As organizations look to adopt the new wave of coming technologies, like automation, artificial intelligence and the Internet of Things, their success in doing so and their ability to differentiate themselves in those spaces will be dependent upon their ability to get data management right. This will become increasingly important as connected devices and sensors proliferate, causing an exponential growth in data – and a commensurate growth in opportunity to exploit the data.
Those that position their organizations to manage data correctly and understand its inherent value will have the advantage. In fact, we may see leaders pull so far in front that it will make the market very difficult for slow adopters and new entrants.
A recent Forbes Insights report, “The Data Differentiator: How Improving Data Quality Improves Business,” sponsored by Pitney Bowes, examines the key role of data quality.
Good-quality data has several beneficial impacts on organizations:
Decision making: The better the data quality, the more confidence users will have in the outputs they produce, lowering risk in the outcomes and increasing efficiency. The old “garbage in, garbage out” adage is true, as is its inverse. And when outputs are reliable, guesswork and risk in decision making can be mitigated.
Productivity: Good-quality data allows staff to be more productive. Instead of spending time validating and fixing data errors, they can focus on their core mission.
Compliance: In industries where regulations govern relationships or trade with certain customers, especially in finance, maintaining good-quality data can be the difference between compliance and millions of dollars in fines. Compliance must be an ongoing focus as new regulations continue to evolve in regions around the world and wherever a company conducts business. Graph databases are emerging as an important tool for finance firms to understand the complex relationships among their customers and comply with anti-money laundering regulations.
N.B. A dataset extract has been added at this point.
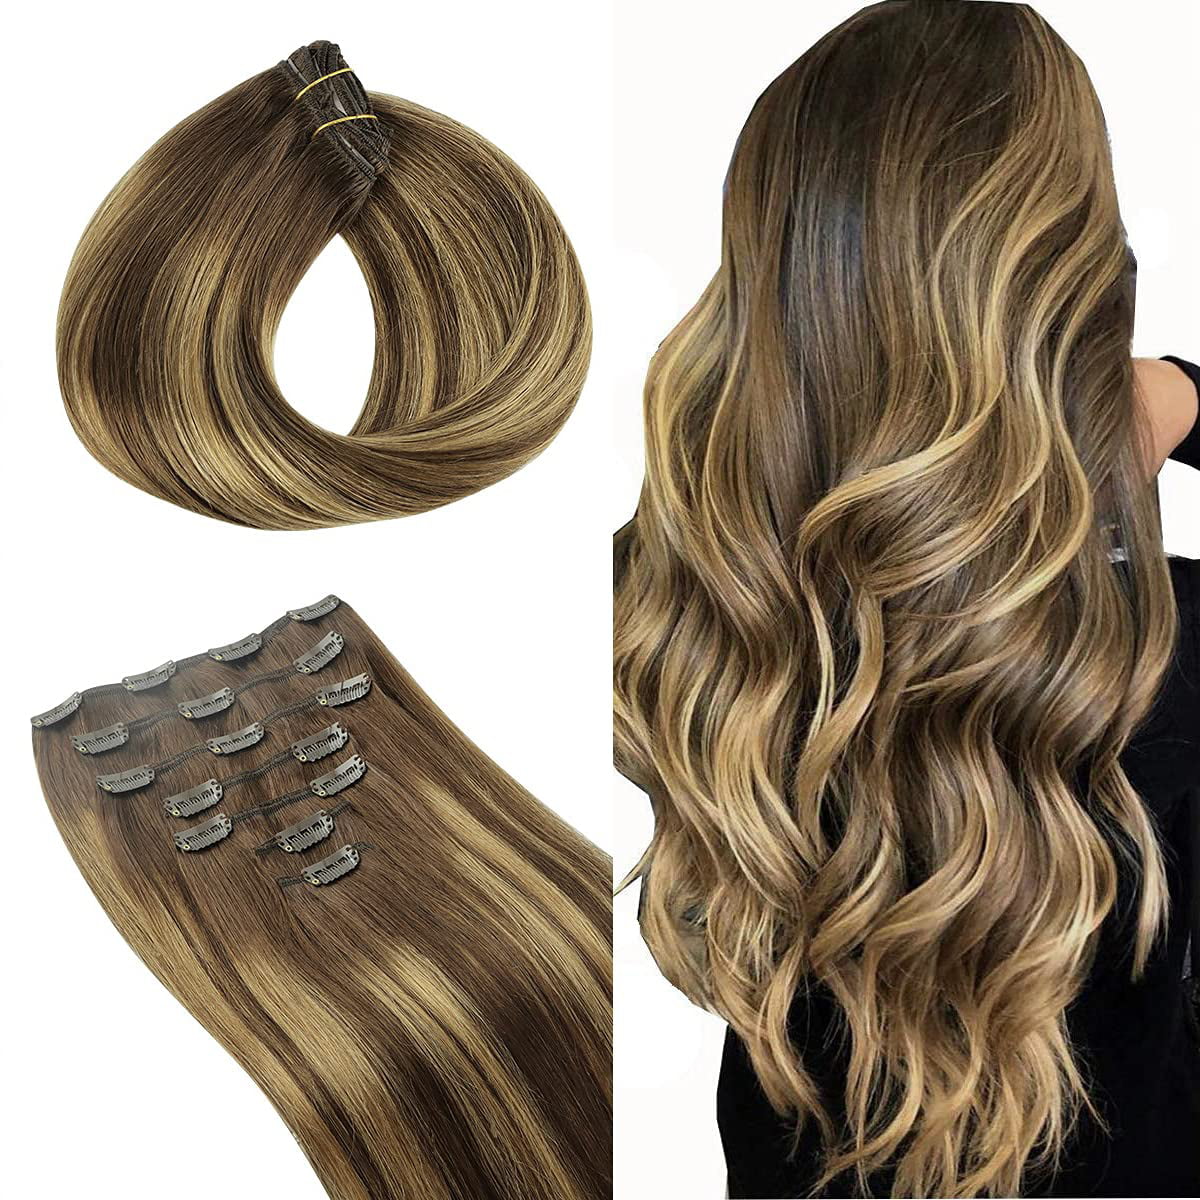 Clip in Hair Extensions, hotbanana Balayage Chocolate Brown to Caramel  Blonde Clip in Hair Extensions Real Human Hair Straight Remy Hair 22 inch  120g 7pcs

Marketing: Better data enables more accurate targeting and communications, especially in the omnichannel environments many organizations are striving toward.
Negative impacts of poor-quality data can include:
Undermining confidence: 84% of CEOs are concerned about the quality of the data they’re basing decisions on, according to KPMG’s “2016 Global CEO Outlook.” When there’s a lack of trust in data quality, confidence in the results it provides is quickly eroded. That can cause obstacles to gaining executive buy-in, dampening enthusiasm for further investment in data and quality improvement initiatives.
Missed opportunities: If your competitors are gaining more insights from data than you are, they will have insights you don’t. That might mean a company misses a critical opportunity for new product development or customer need that a competitor with a more mature understanding of data may capitalize upon. Companies should treat data as an asset and manage it to maintain quality in order to derive insights that can lead to competitive advantage.
Lost revenue: Poor data can lead to lost revenue in many ways – communications that fail to convert to sales because the underlying customer data is incorrect, for example. In insurance, bad property information could cause revenue to be lost on premiums if they are set too low because of the data. One example is where property locations are estimated, instead of precisely specified. In most cases, that might not matter, but where the difference is a property – or a whole neighborhood – located inside or outside of a flood zone, revenue losses could be significant.
Reputational damage: Reputational costs range from the small, everyday damage that organizations may never be aware of to large public relations disasters. As an example, recall Apple’s widely panned Maps rollout in 2012. At the time, it quickly became clear that much of the underlying data was inaccurate or missing, resulting in a product that TechCrunch later called “barely usable.” Efforts to improve customer experience may also be undermined by bad data resulting in an incorrect spelling of a customer’s name, or obliviously sending communications to a deceased customer. On the larger end, poor data in banking, for example, could lead to inadvertent trade with sanctioned governments or suspected terrorist financiers if institutions don’t have accurate enough information about the customers they’re trading with, resulting in PR fallout on top of punitive fines.